This of course all fed into a broader conspiracy theory involving the Bush family, the New World Order, the Trilateral Commission, and all the usual right-wing conspiracy bugaboos familiar to conspiracy fans. Cooper alleged that George H. W. Bush authorized aliens to abduct and anally probe one out of every forty Americans, and the JASON Society was responsible for the Kennedy assassination, using the president’s chauffeur to kill him while Oswald distracted the crowd with gunfire. Cooper died in 2001 when police shot him during a standoff prompted by complaints that he had been threatening passersby with a gun. Barkun sees this as a fascinating combination of traditional millennialism, right wing politics, and left wing social concern.
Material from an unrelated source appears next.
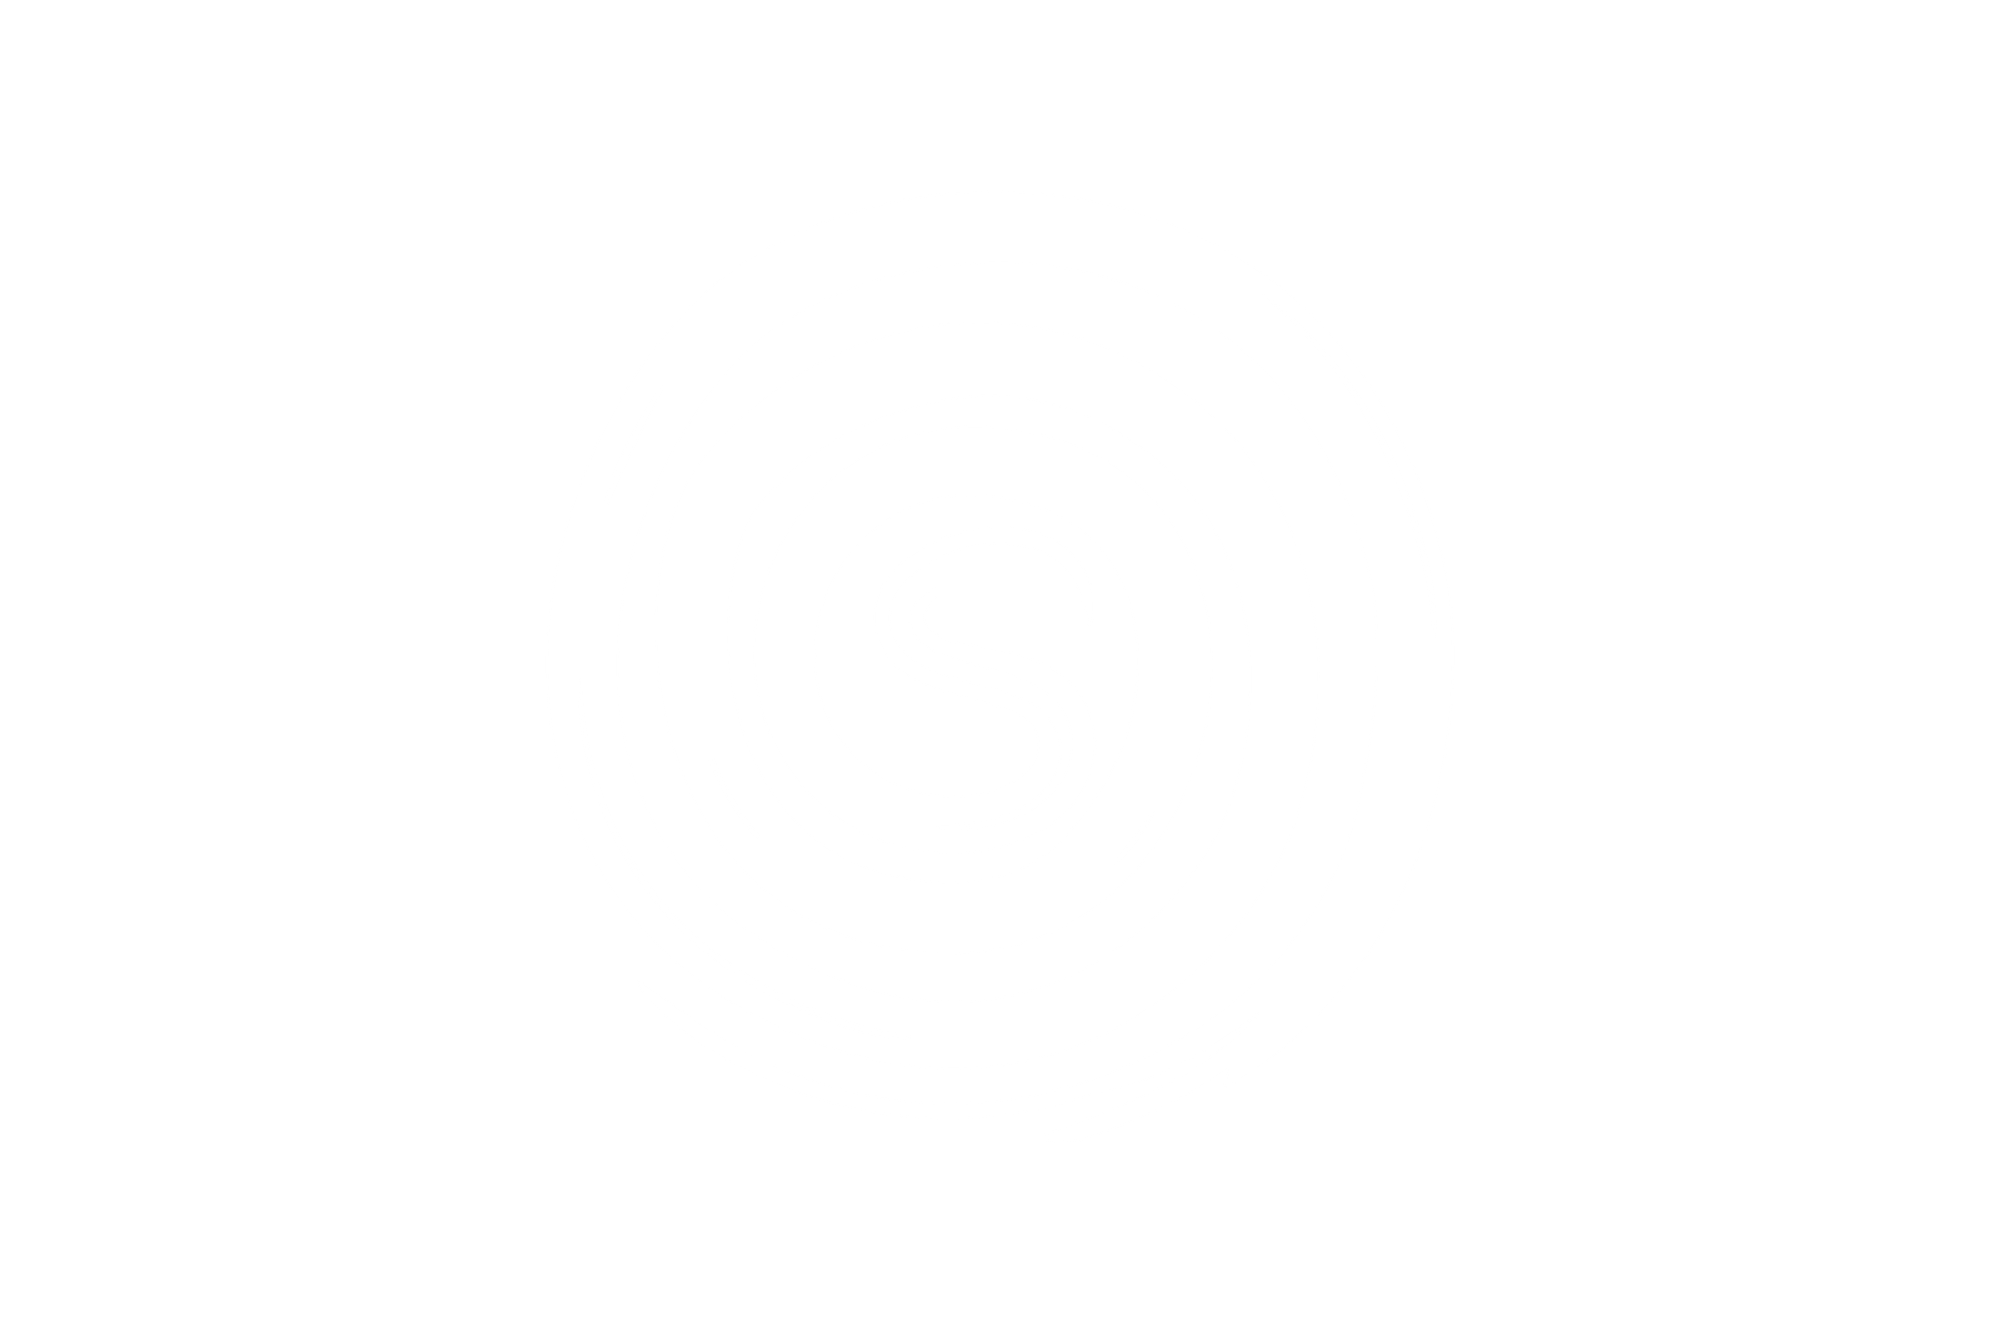 The logo of this Company - a winding path beginning with the letter S opens into a spiral. 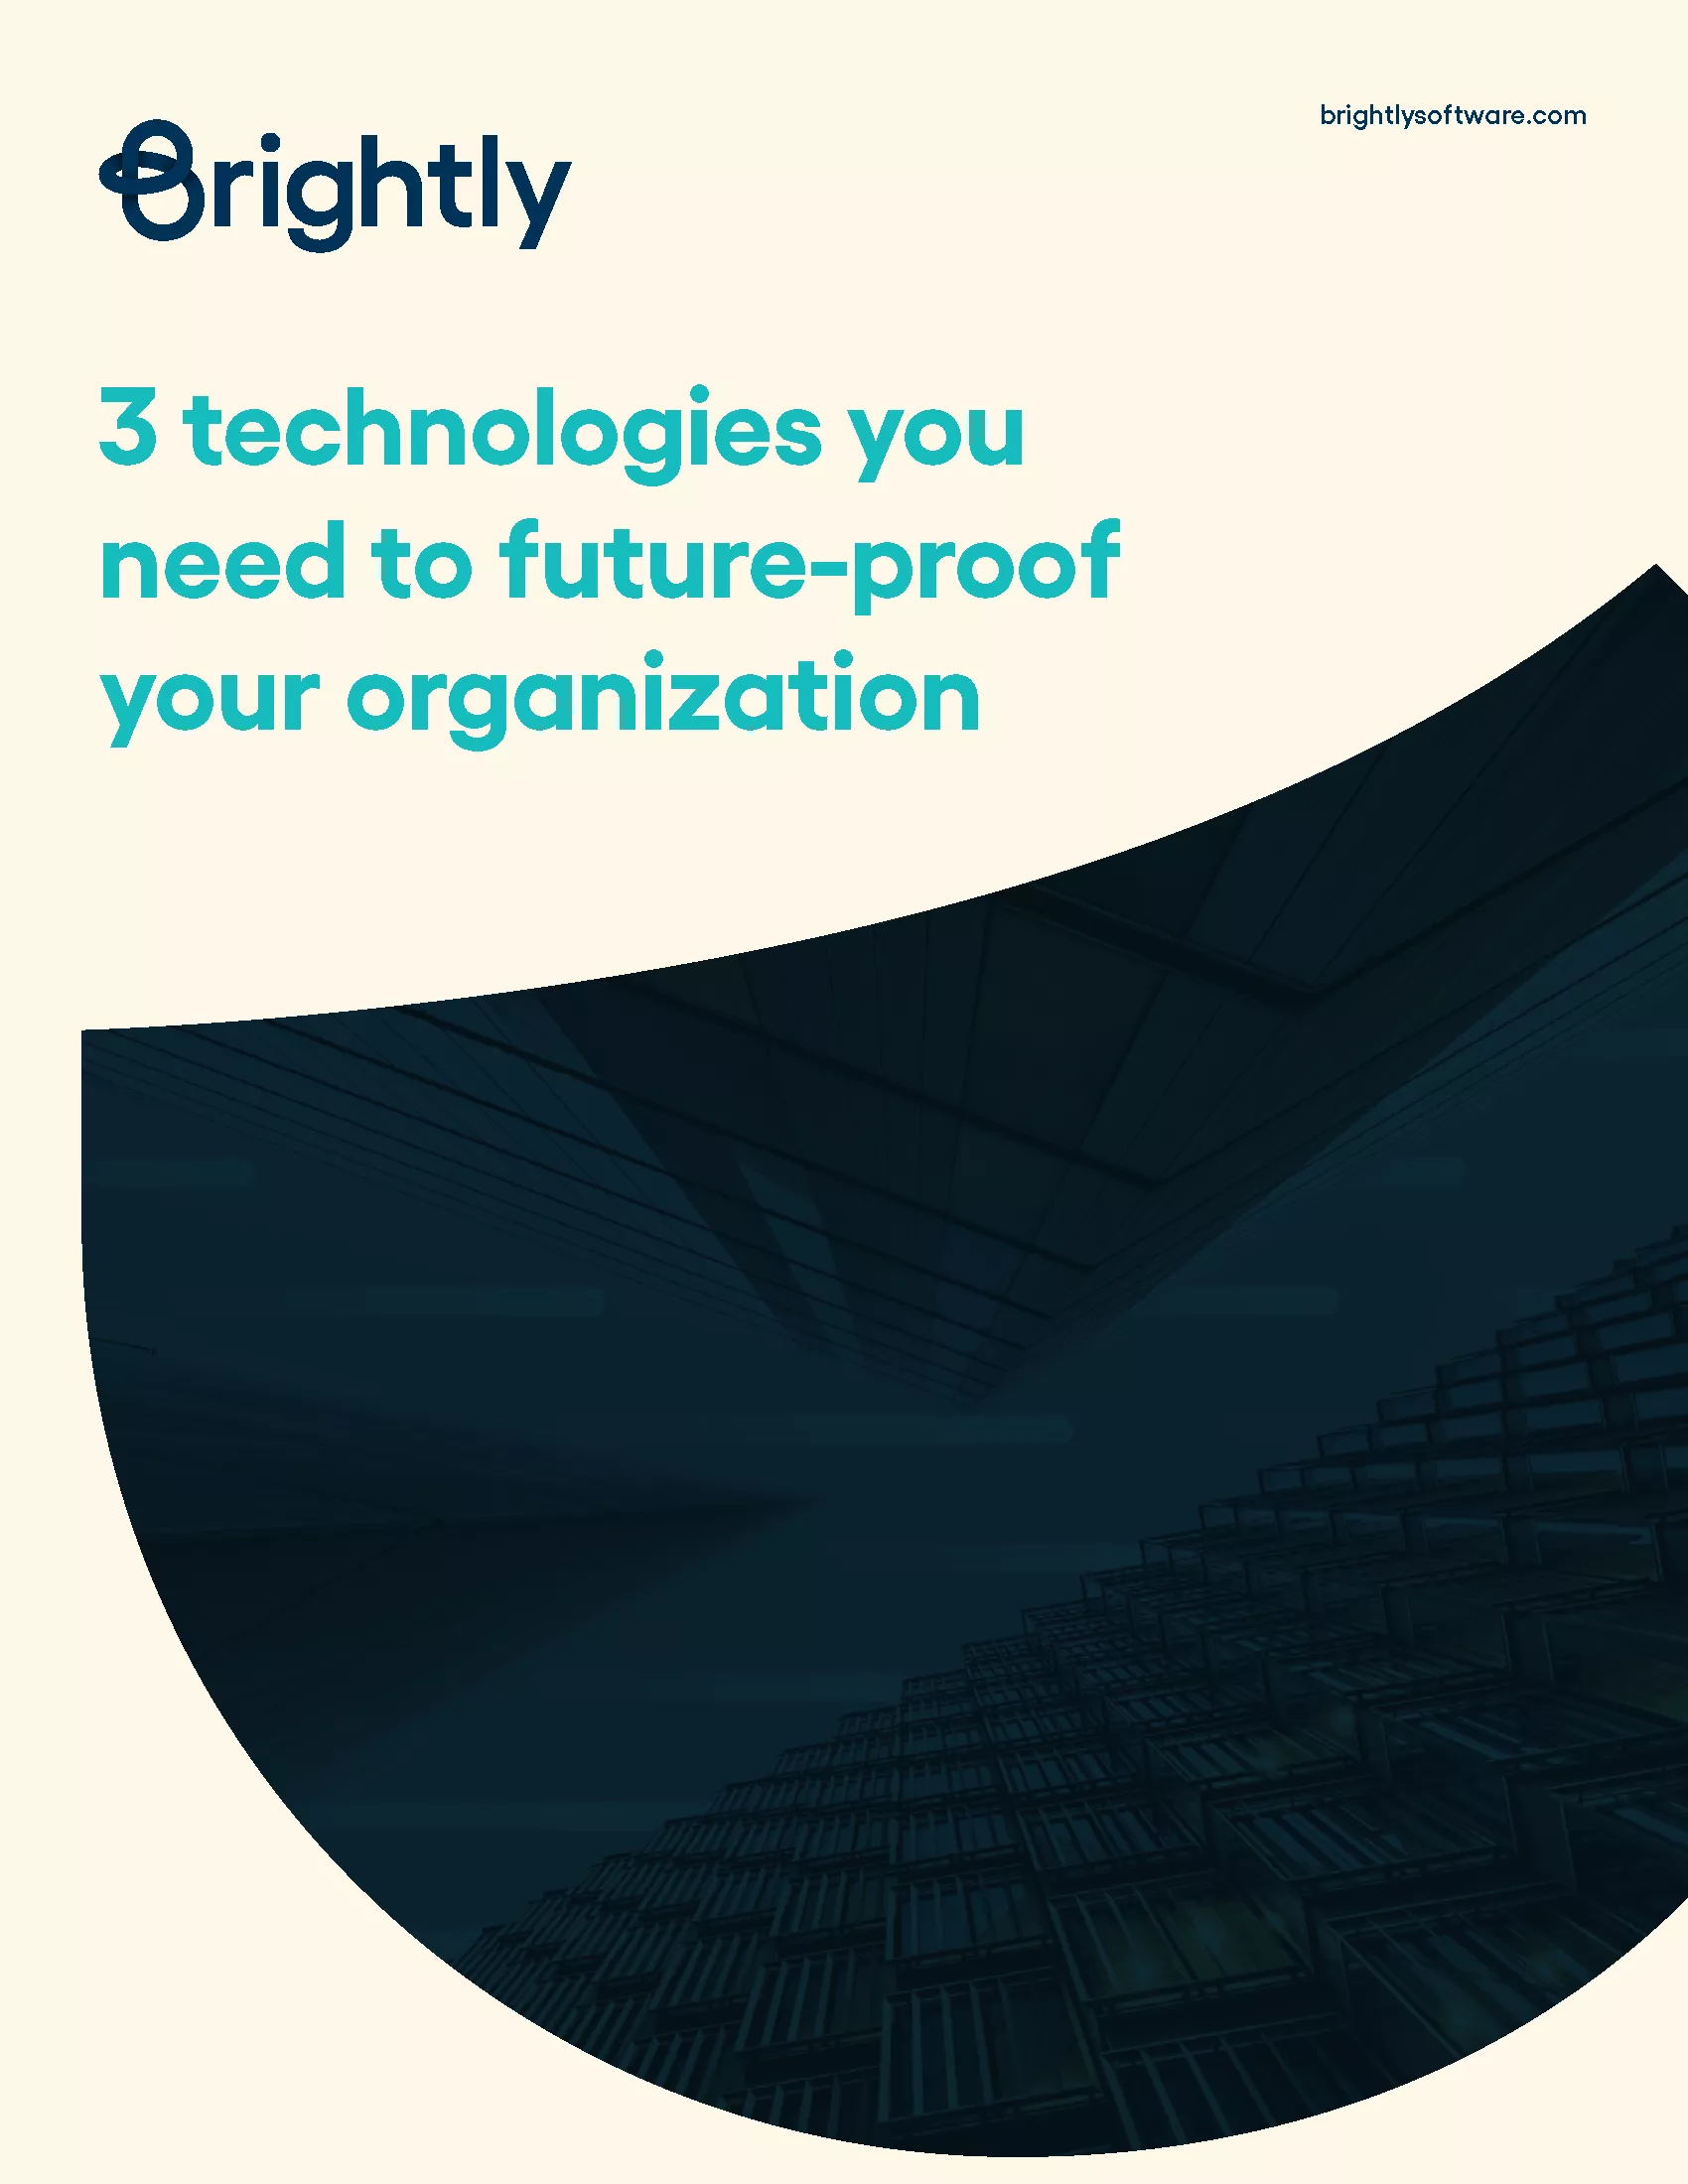 3 technologies you need to future-proof your organization

But in the opening of his Culture of Conspiracy he writes that Oklahoma City bomber Timothy McVeigh was a regular listener to Cooper’s shortwave radio program and visited Cooper shortly before bombing the Oklahoma City federal building in 1995. He had previously visited Area 51, and after the bombing, while on death row, he spent hours watching and re-watching the alien encounter movie Contact, based on the Carl Sagan novel. Sagan, in turn, had been fascinated by the Babylonian myth of Oannes (Uan-Adapa). In the 1960s he had speculated that this fish-man might be evidence of true alien contact, but he was unaware of the history of the myth, originating in the Seven Sages of apkallu, or that this in turn fed into the stories of the Watchers, who were—of course—the founders and/or model for the secret society that became the Brotherhood of the Serpent, the Illuminati, and the JASON Society in the hands of fringe theorists. Choices made millennia ago echo down the centuries as ideas are reused and recycled to give a dubious historicity to extreme claims in every generation.
21 Comments
Will
4/1/2014 04:34:15 am
Jason - glad you enjoyed the book. I second your recommendation of Barkun's book. I read it a couple of years back myself and found the author's dissection of conspiracies and their tie to real world fears and pre-Milleniam tensions expertly handled.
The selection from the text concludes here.